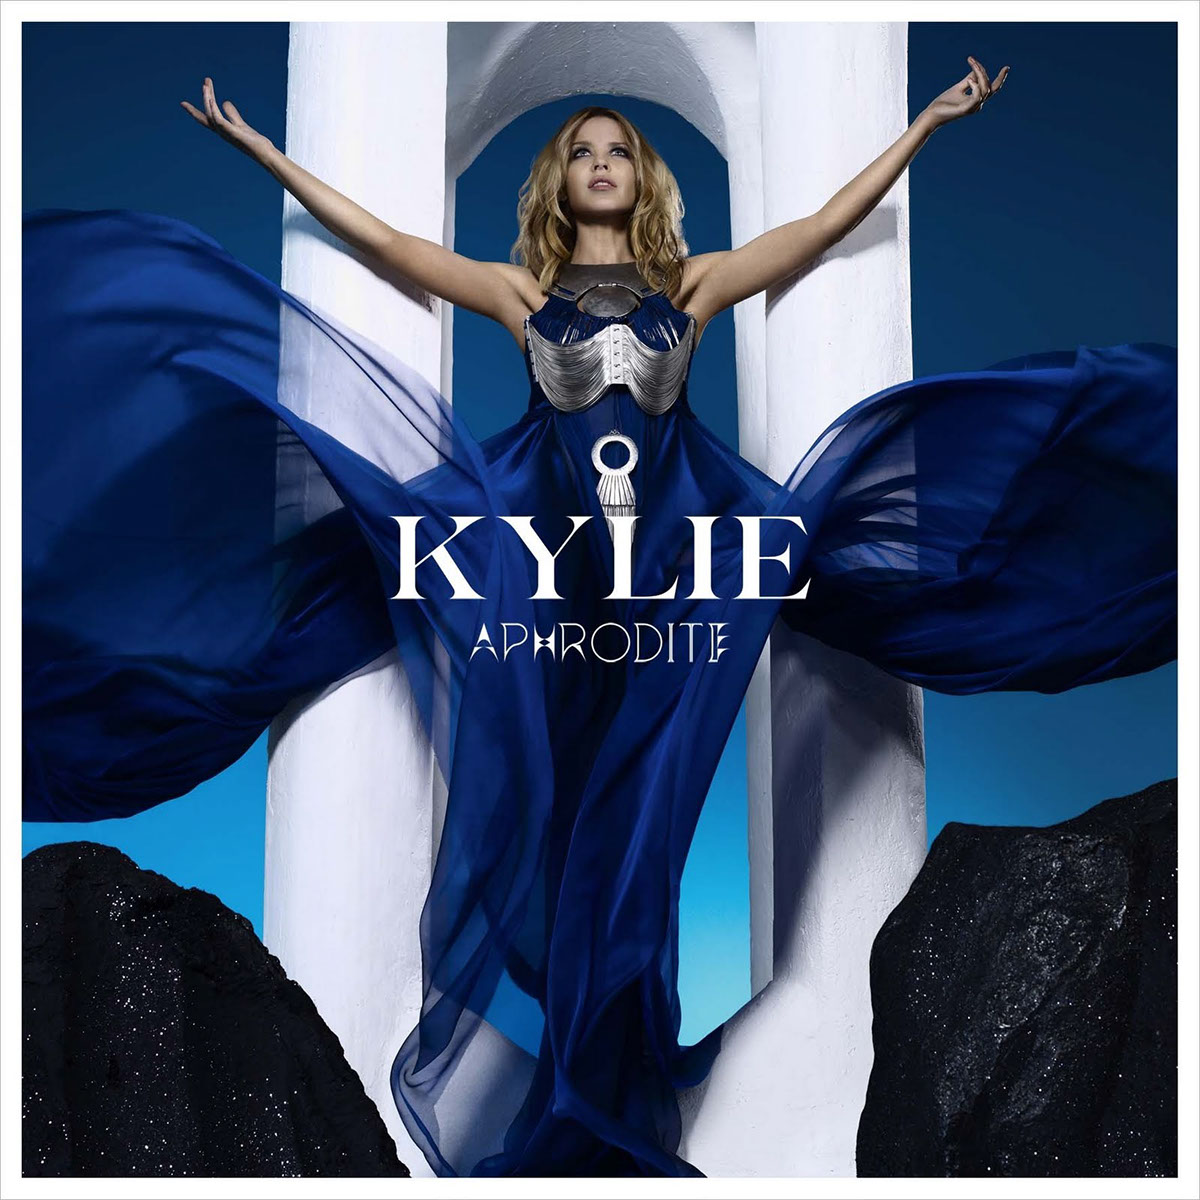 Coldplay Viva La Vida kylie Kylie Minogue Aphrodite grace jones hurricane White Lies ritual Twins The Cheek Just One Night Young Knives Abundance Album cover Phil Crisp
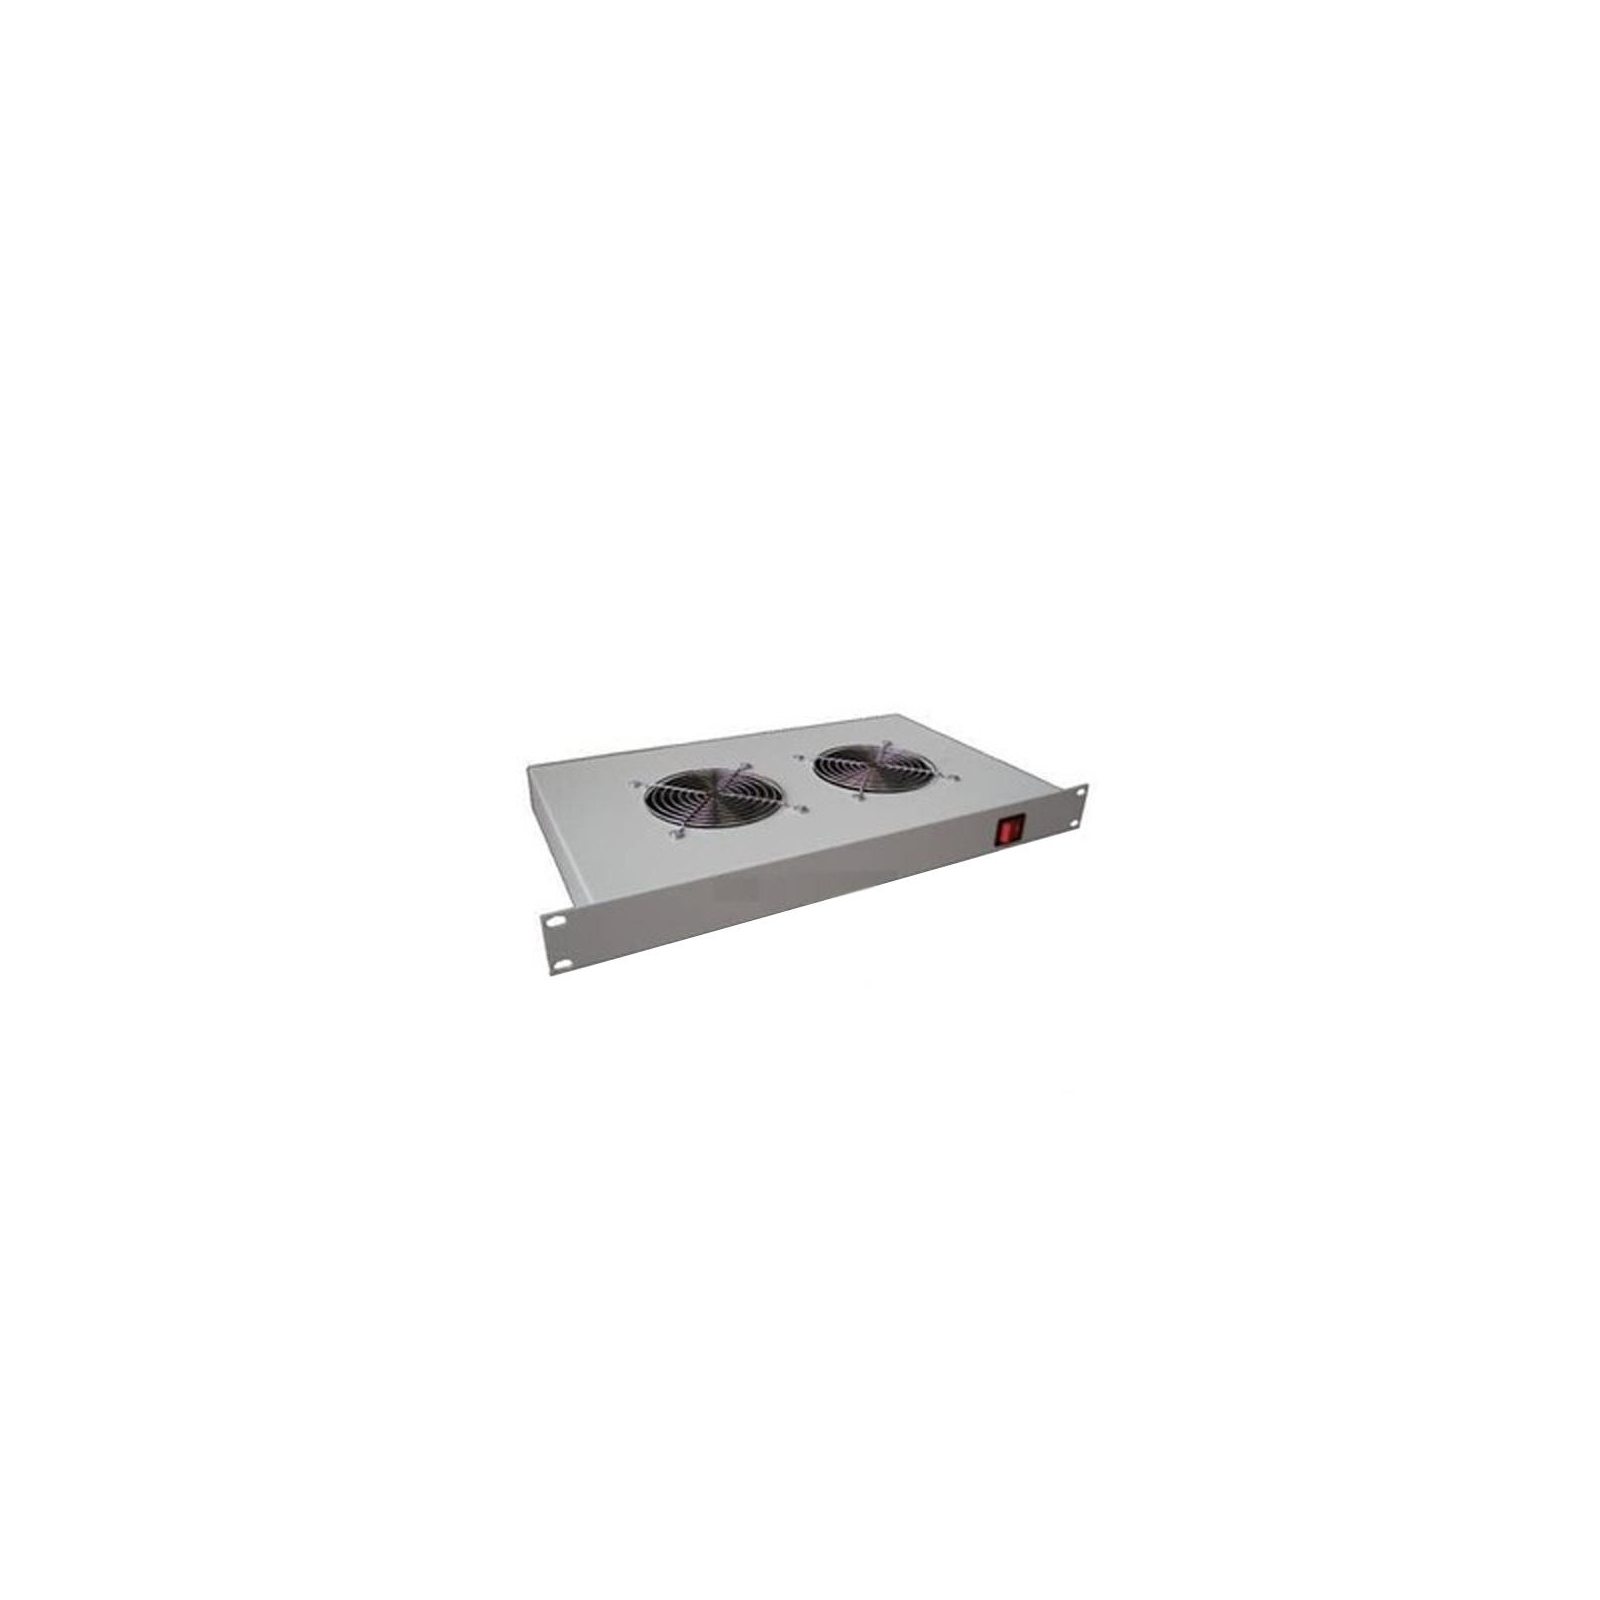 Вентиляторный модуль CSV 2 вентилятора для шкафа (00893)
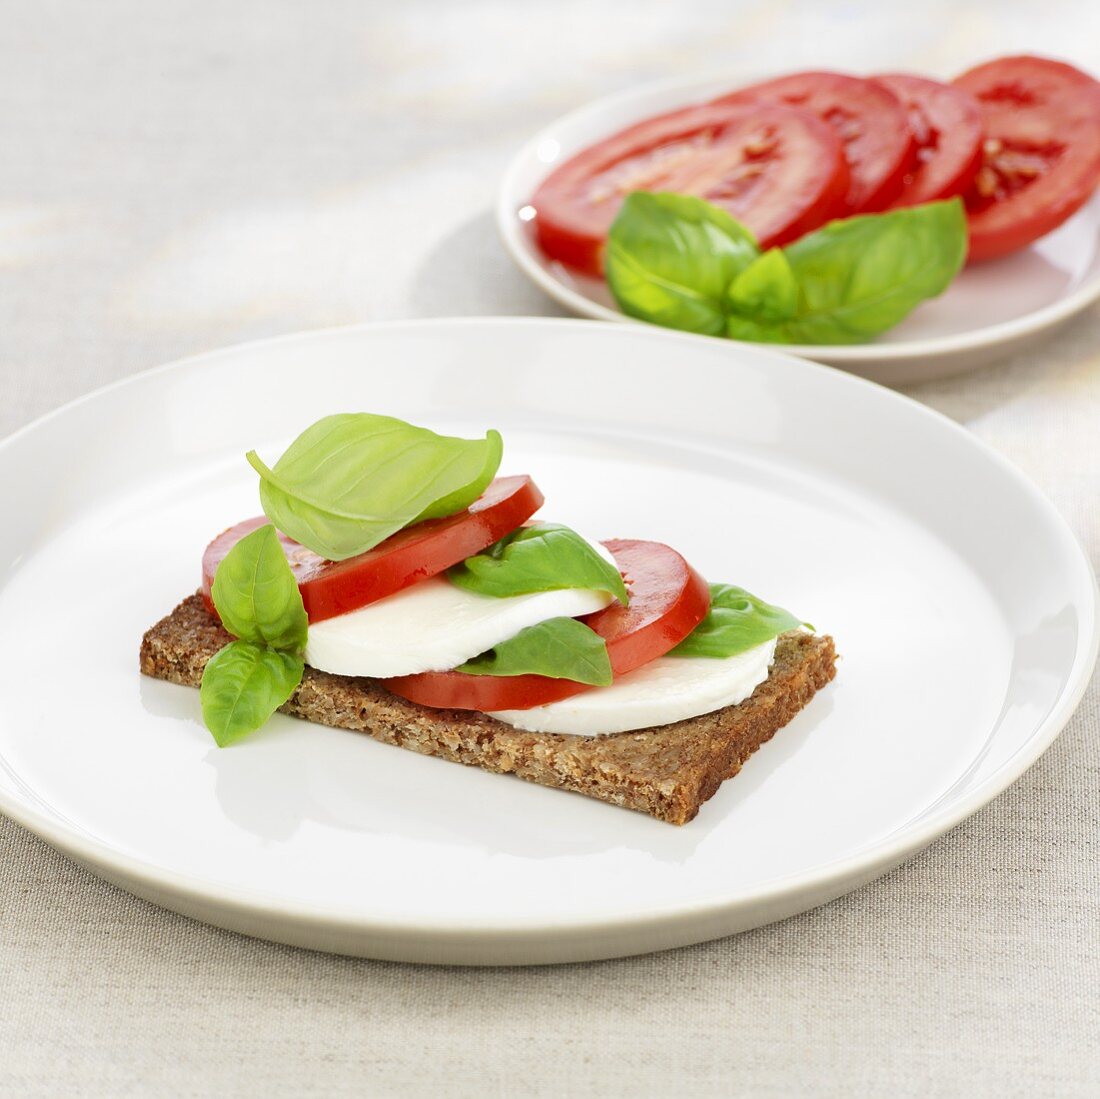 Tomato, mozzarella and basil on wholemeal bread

+++++

» **WORK REQUIRED**: Write the material out again exactly. Skip each picture.

» **ANSWER AREA**:
 Coldplay Viva La Vida kylie Kylie Minogue Aphrodite grace jones hurricane White Lies ritual Twins The Cheek Just One Night Young Knives Abundance Album cover Phil Crisp
 Вентиляторный модуль CSV 2 вентилятора для шкафа (00893)
 Tomato, mozzarella and basil on wholemeal bread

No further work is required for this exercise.